There are no origination, prepayment or other fees associated with a student loan refinance. So if you can find a lower interest rate, you can save yourself money each time.
Refinancing private student loans is often a no-brainer if you qualify for better loan terms. These loans are already ineligible for federal relief programs.
Federal student loans, on the other hand, come with benefits like income-driven repayment and Public Service Loan Forgiveness. You'll lose access to these programs if you choose to refinance federal student loans.
» COMPARE: Refi offers from multiple lenders
Why you should refinance multiple times
When you refinance, you trade in multiple student loans for one, new private loan ideally with a lower interest rate. A lower rate can save you money over time by decreasing the amount you pay in interest. The lower the interest rate, the more you can save.
For example, let's say you graduate owing $40,000 at an 11% interest rate. On a standard 10-year repayment plan, you'll pay $551 every month and $26,120 in total interest by the time the loan is repaid.
But you can refinance student loans immediately after college. Refinancing the above debt to a 7.5% interest rate — still on a 10-year repayment plan — will save you $76 each month and $9,143 in total interest over the life of the loan.

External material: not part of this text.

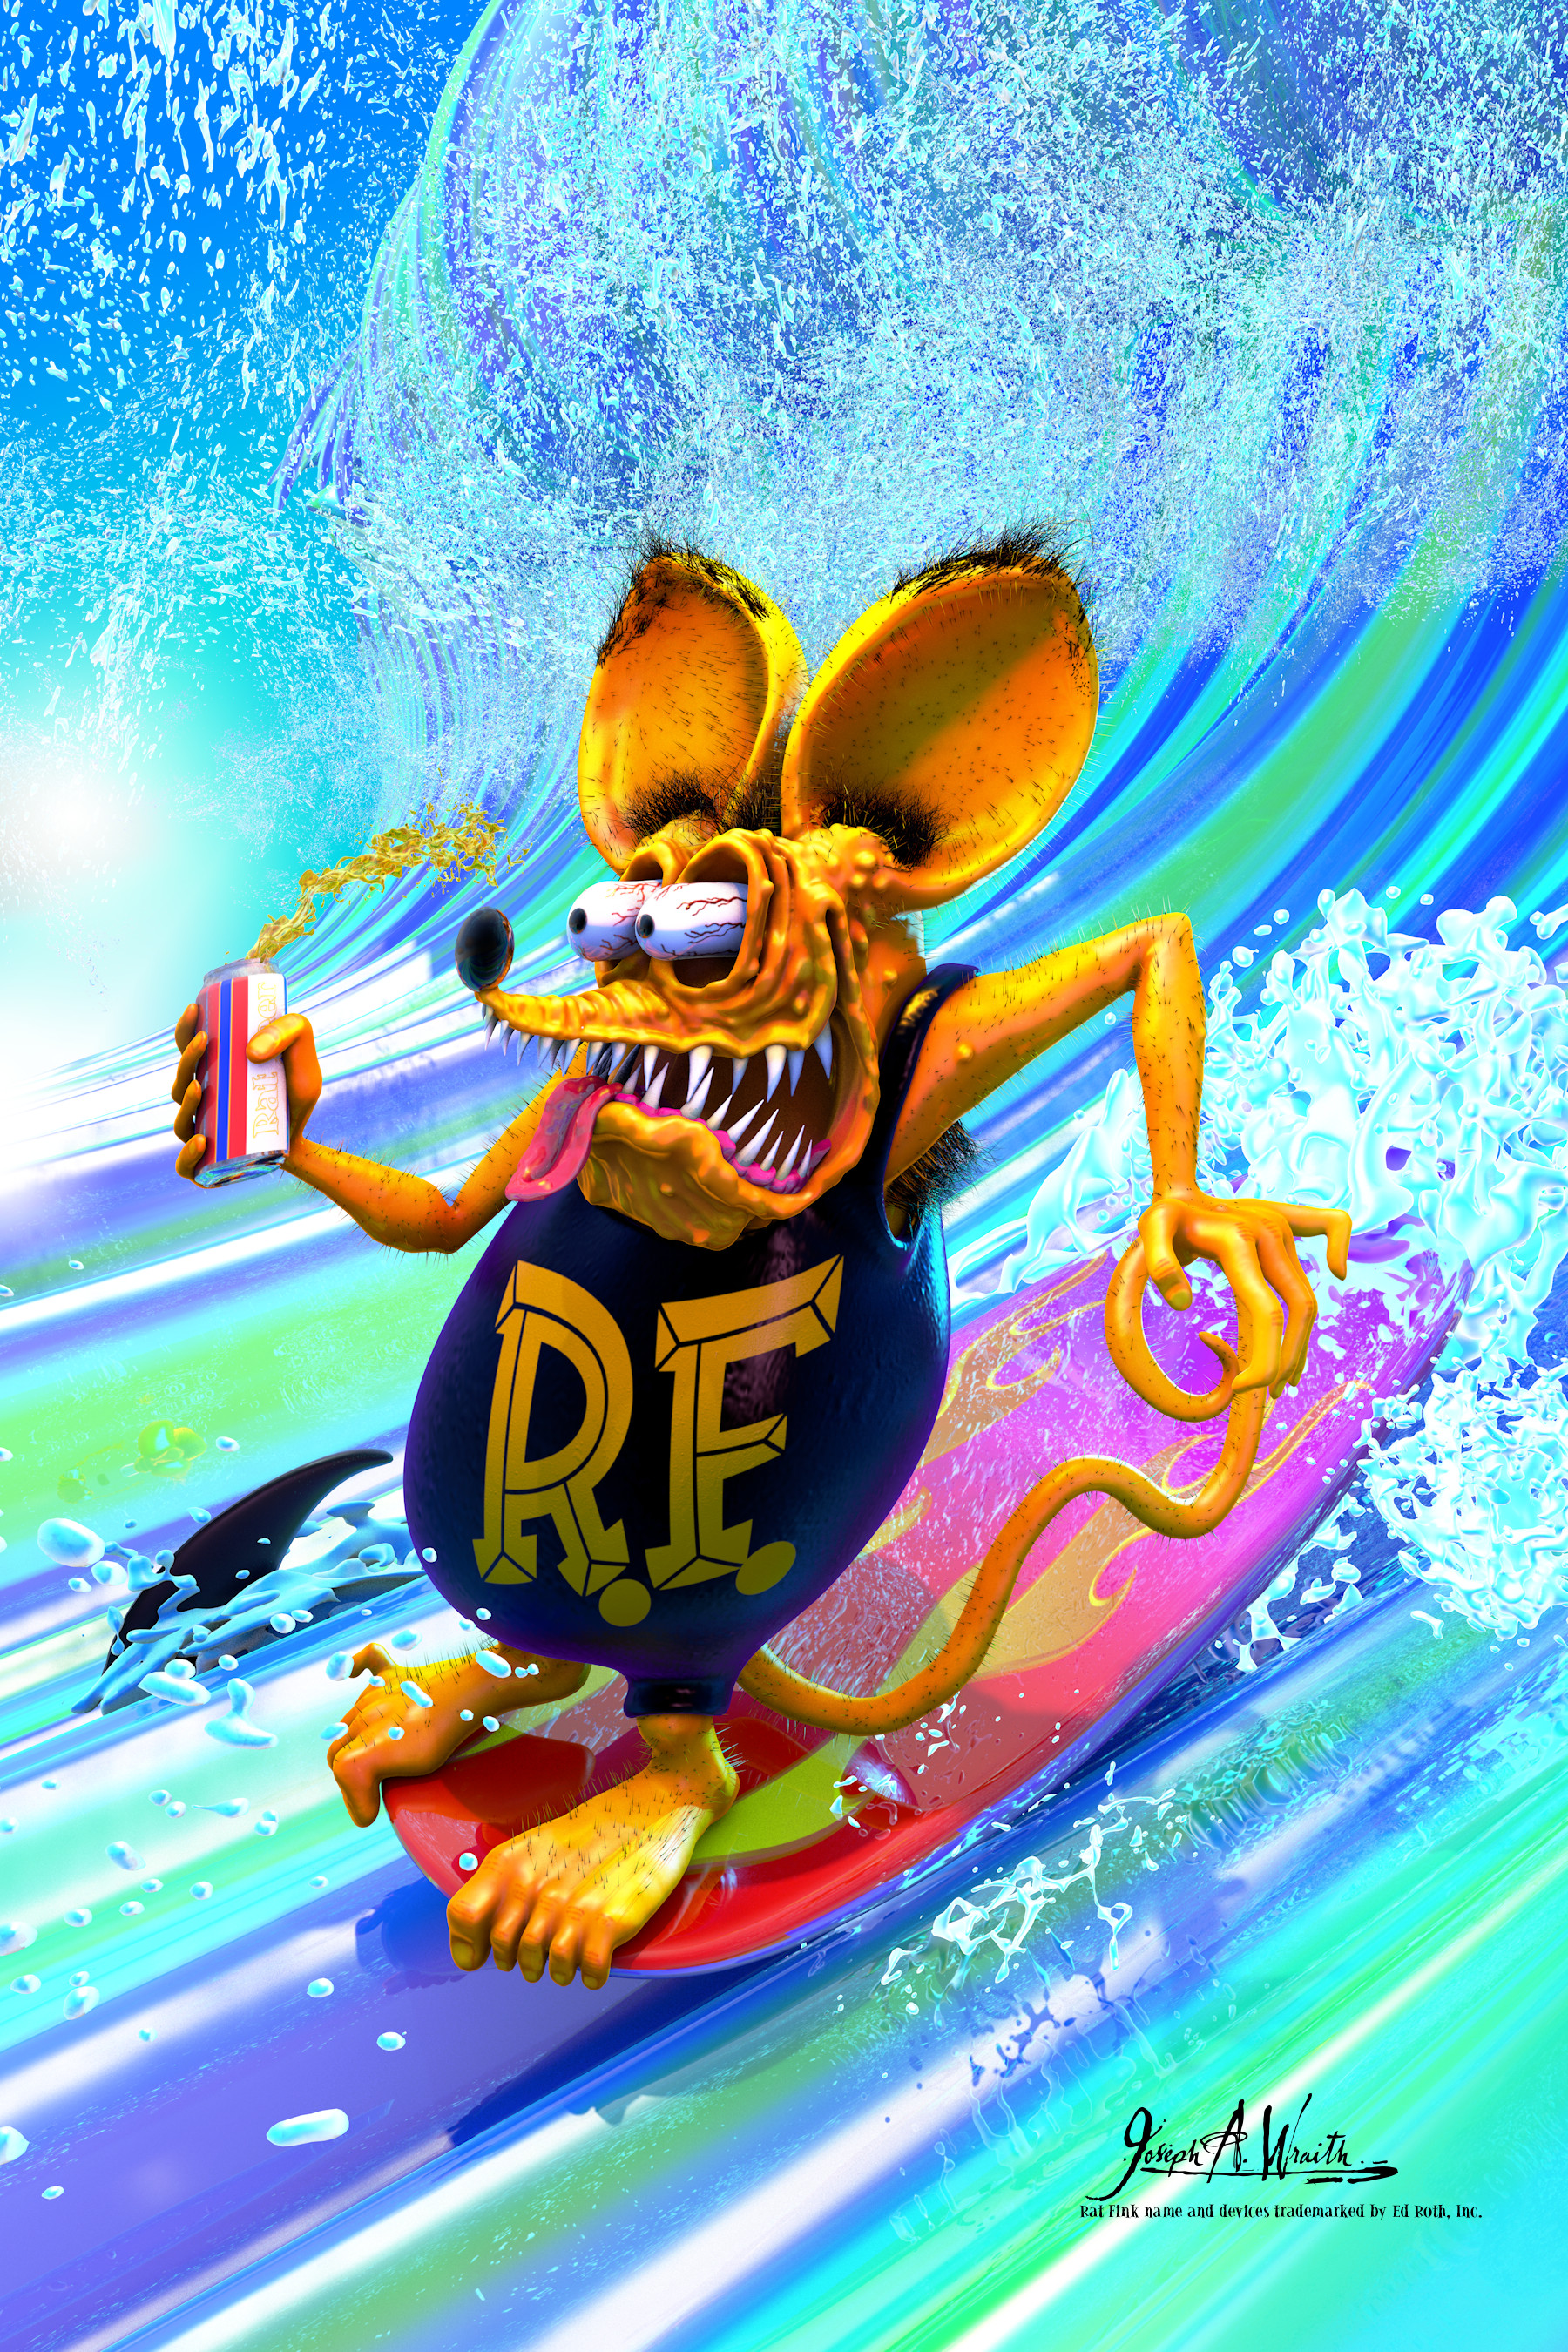 Joseph wraith ratfink surfing med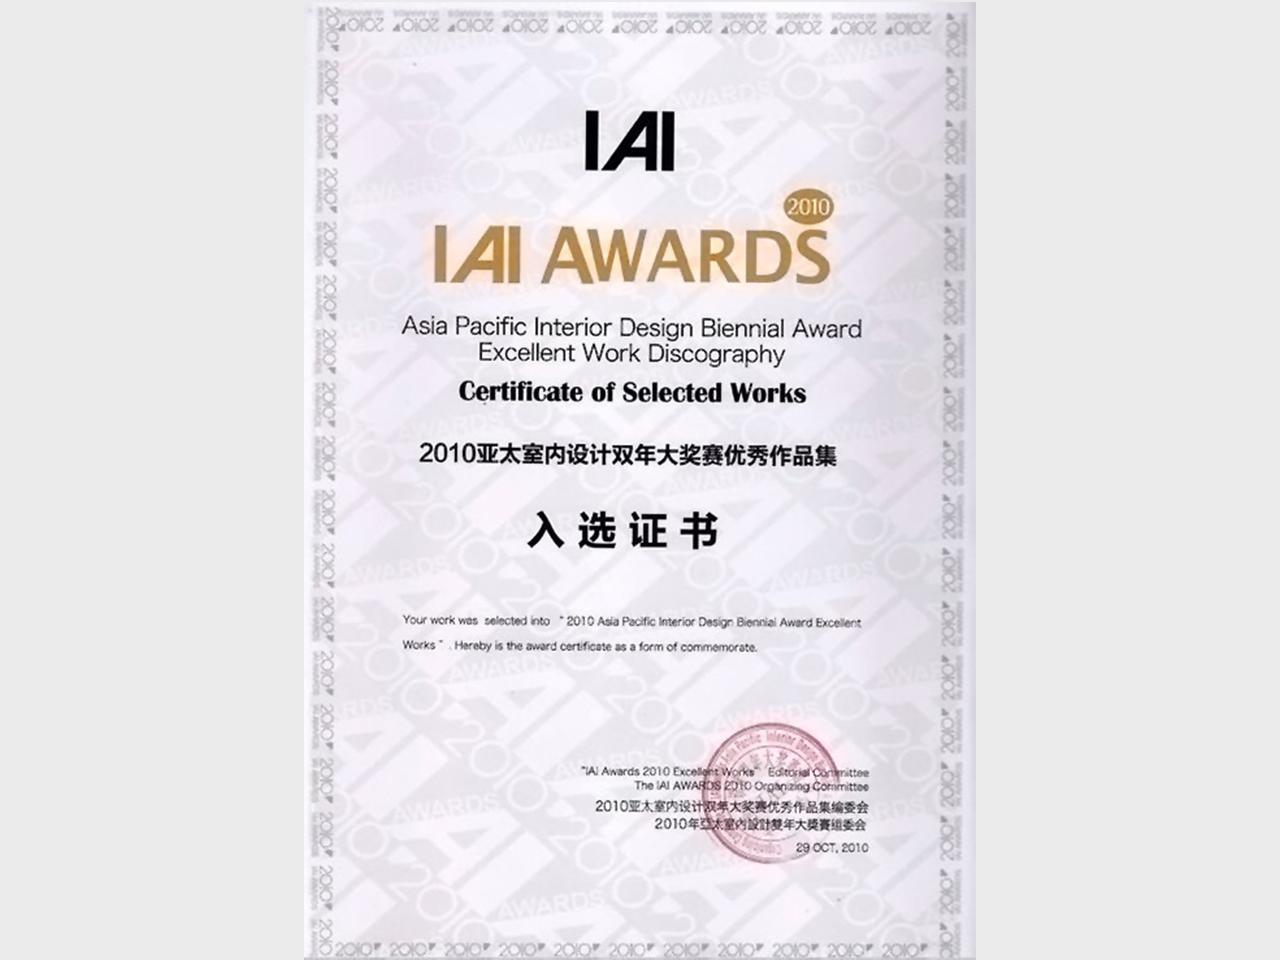 2010年荣获度亚太室内设计双年大奖赛入选优秀作品集

And as interest rates drop, you earn more money or continue building credit, you may qualify for even better rates.
Is it bad to refinance student loans multiple times?
It’s not bad to refinance student loans multiple times if it'll save you money or result in a more manageable payment.
The biggest downside to refinancing often is the “hard” credit check that happens as lenders pull your credit report. Too many hard inquiries can lower your credit score.
Still, it's in your best interest to look at multiple lenders for the lowest rate possible.
You can limit the impact on your credit score by shopping around within a short window — typically up to 45 days — or prequalifying with multiple lenders before officially applying. Prequalifying will show you what rate you qualify for without impacting your credit score.